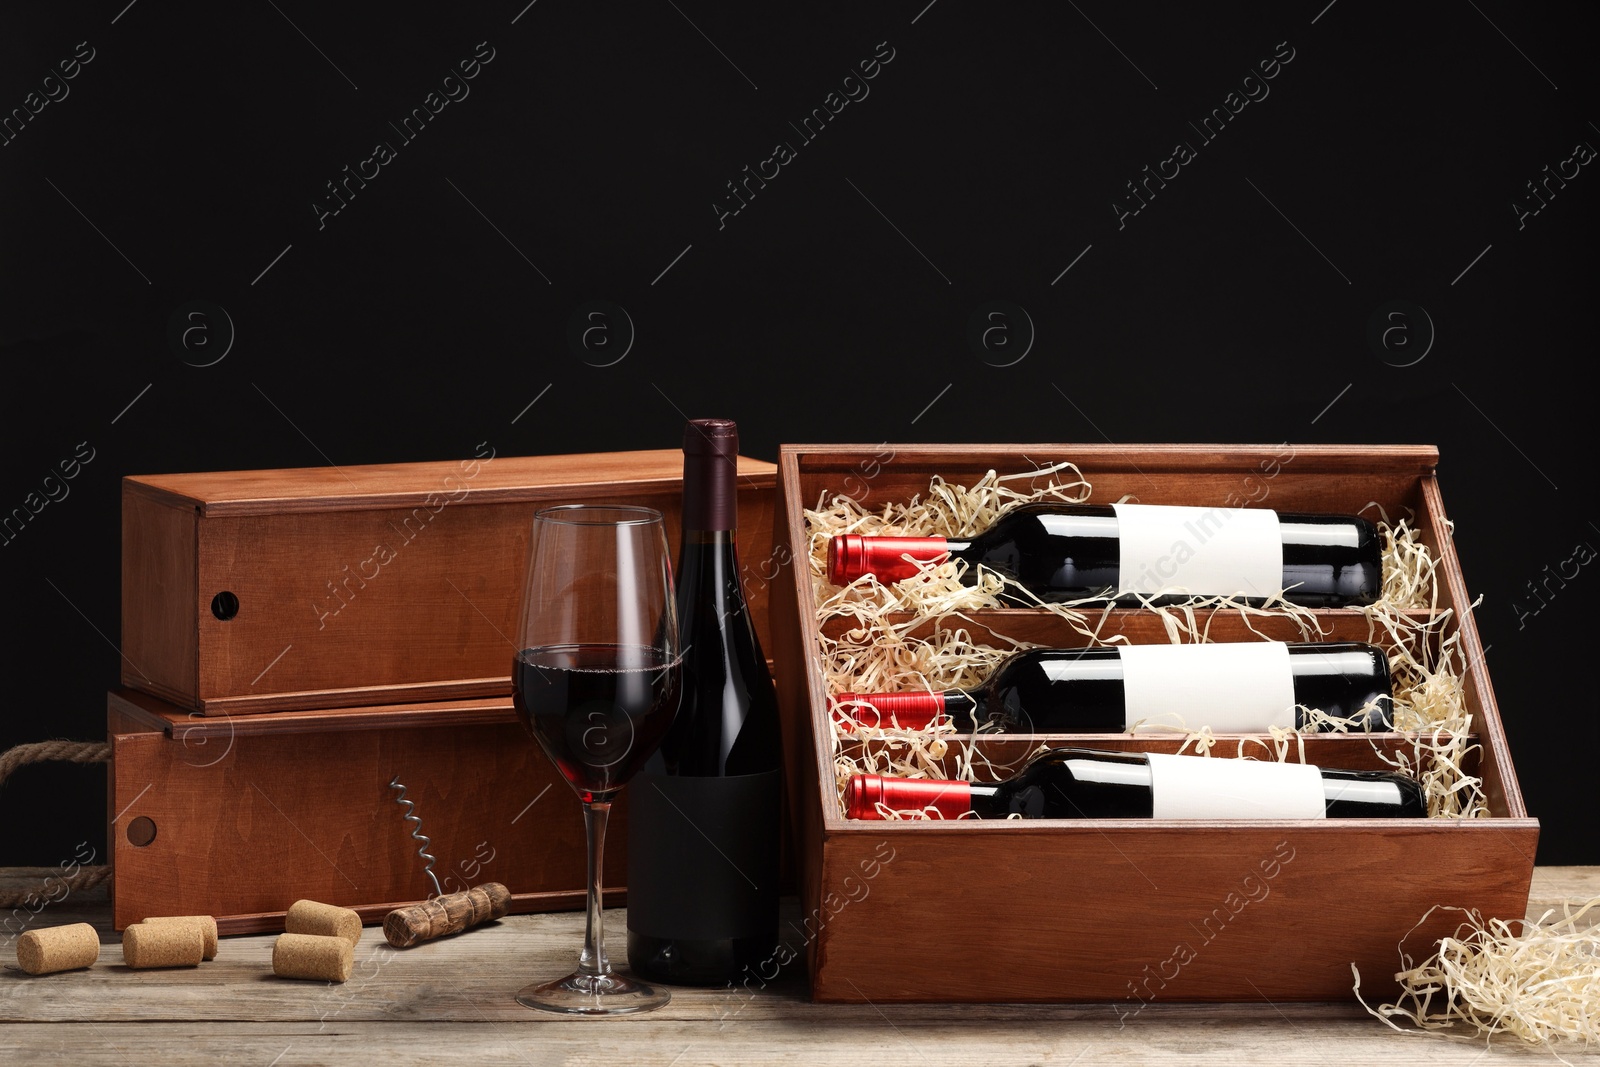 Photo of Box with wine bottles, glass, corks and corkscrew on wooden table against black background
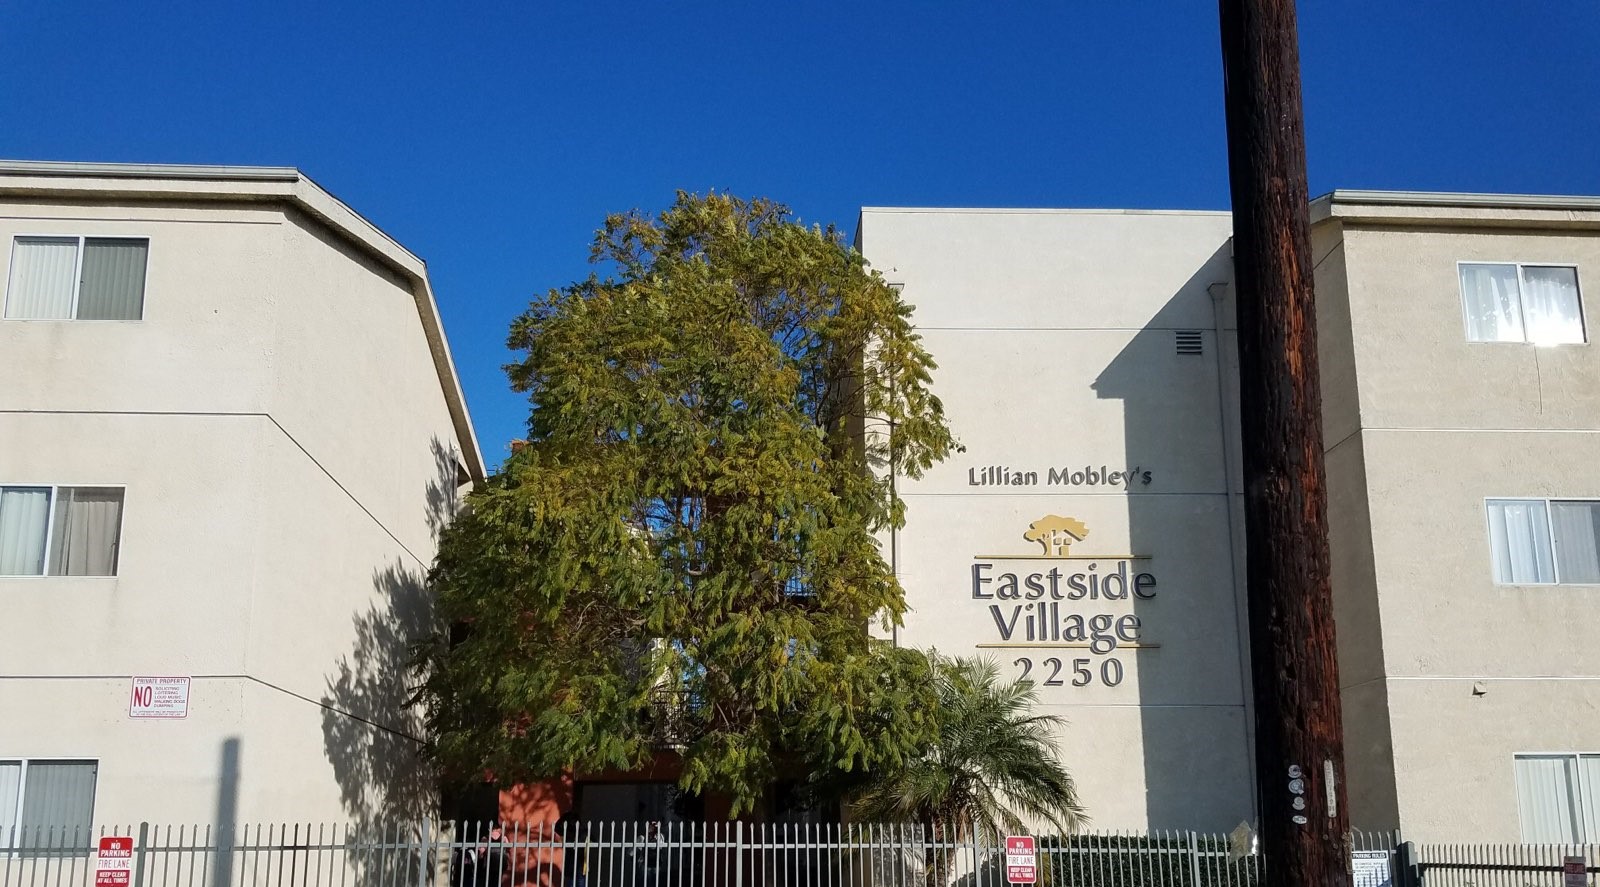 Street view of Eastside Village, multistory building surrounded by a gate with a larg tree inside the gate and power pole in front of building
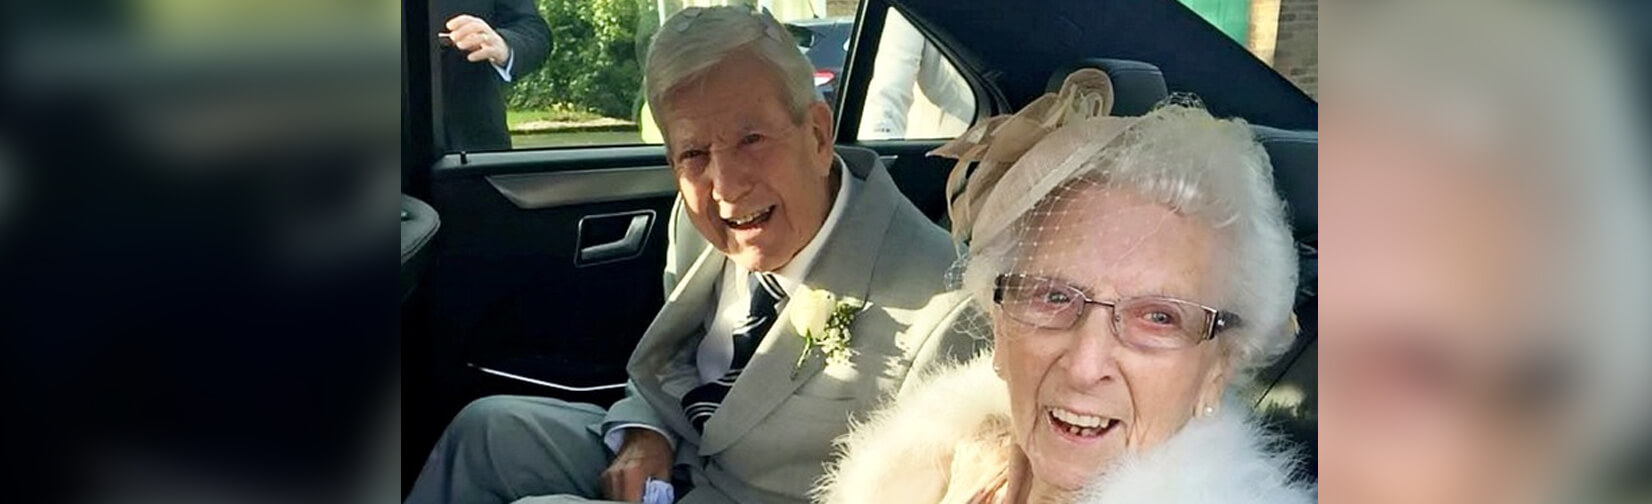 90-year-old groom marries his 96-year-old sweetheart
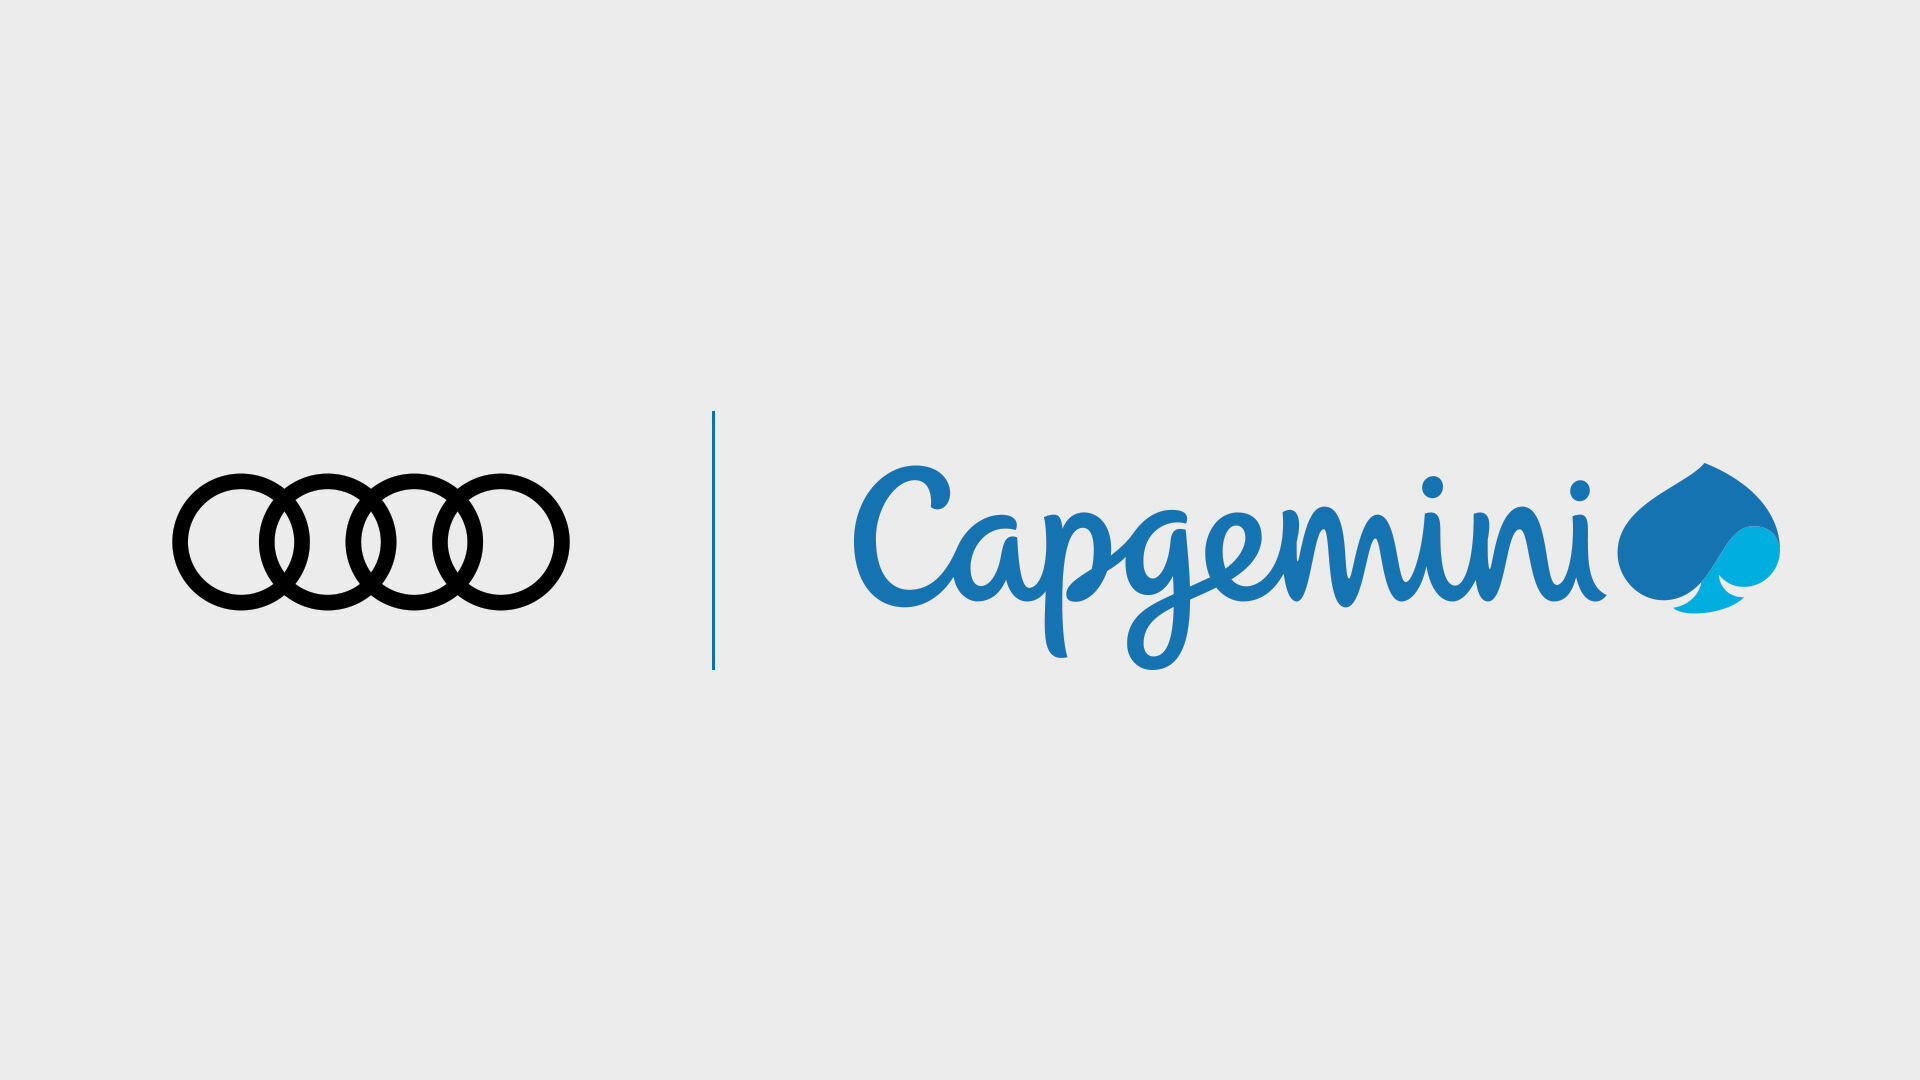 Capgemini and Audi plan to form a joint venture
- - -
= TASK PROMPT =
Write the listing out in full, exactly; no images.

= RESPONSE AREA =
 Photo of Box with wine bottles, glass, corks and corkscrew on wooden table against black background
 Street view of Eastside Village, multistory building surrounded by a gate with a larg tree inside the gate and power pole in front of building
 90-year-old groom marries his 96-year-old sweetheart
 Capgemini and Audi plan to form a joint venture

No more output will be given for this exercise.